Савинков Борис Викторович (В.Ропшин) - Конь бледный стр 2.

Шрифт
Фон

- О Христе? О Богочеловеке Христе? .. Думал ли ты, как веровать и как жить? Знаешь, у себя во дворе я часто читаю Евангелие и мне кажется есть только два, всего два пути. Один, -все позволено. Понимаешь ли: все. И тогда - Смердяков. Если, конечно, сметь, если на все решиться. Ведь если нет Бога и Христос человек, то нет и любви, значит нет ничего … И другой путь, - путь Христов … Слушай, ведь если любишь, много, по-настоящему любишь, то и убить тогда можно. Ведь можно? Я говорю:

- Убить всегда можно.

- Нет, не всегда. Нет, - убить тяжкий грех. Но вспомни: нет больше той любви, как если за други своя положить душу свою. Не жизнь, а душу. Пойми: нужно крестную муку принять, нужно из любви, для любви на все решиться. Но непременно, непременно из любви и для любви. Иначе, - опять Смердяков, то есть путь к Смердякову. Вот я живу. Для чего? Может быть, для смертного моего часа живу. Молюсь: Господи, дай мне смерть во имя любви. А об убийстве, ведь, не помолишься. Убьешь, а молиться не станешь . . . И, ведь, знаю: мало во мне любви, тяжел мне мой крест.

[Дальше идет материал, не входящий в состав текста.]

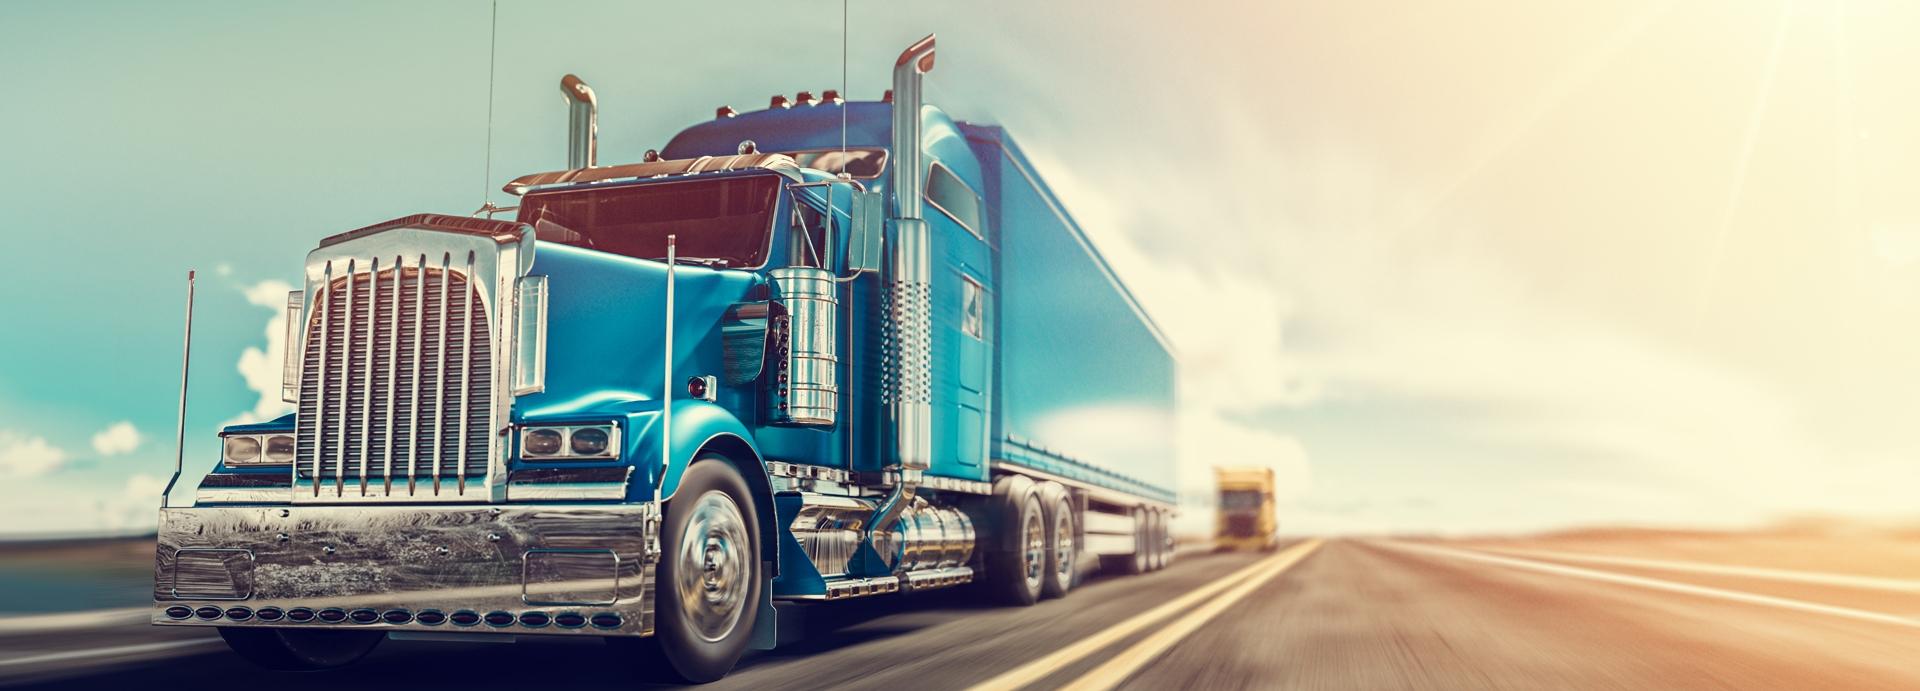 Das A Z der Fahrzeugortung 2 - Das A-Z der Fahrzeugortung | Easytrack GPS-Ortungssysteme

- Не смейся, - говорит он через минуту, - зачем и над чем смеешься? Я Божьи слова говорю, а ты скажешь: бред. Ведь, ты скажешь, ты скажешь: бред?

Я молчу.

- Помнишь, Иоанн в Откровении сказал: "В те дни люди будут искать смерти, но не найдут ее, пожелают умереть, но смерть убежит от них". Что же, скажи, страшнее, если смерть убежит от тебя, когда ты будешь звать и искать ее? А ты будешь искать, все мы будем искать. Как прольешь кровь? Как нарушишь закон? А проливаем и нарушаем. У тебя нет закона, кровь для тебя - вода. Но слушай же меня, слушай: будет день, вспомнишь эти слова. Будешь искать конца, не найдешь: смерть убежит от тебя. Верую во Христа, верую. Но я не с ним. Недостоин быть с ним, ибо в грязи и крови. Но Христос, в милосердии своем, будет со мною.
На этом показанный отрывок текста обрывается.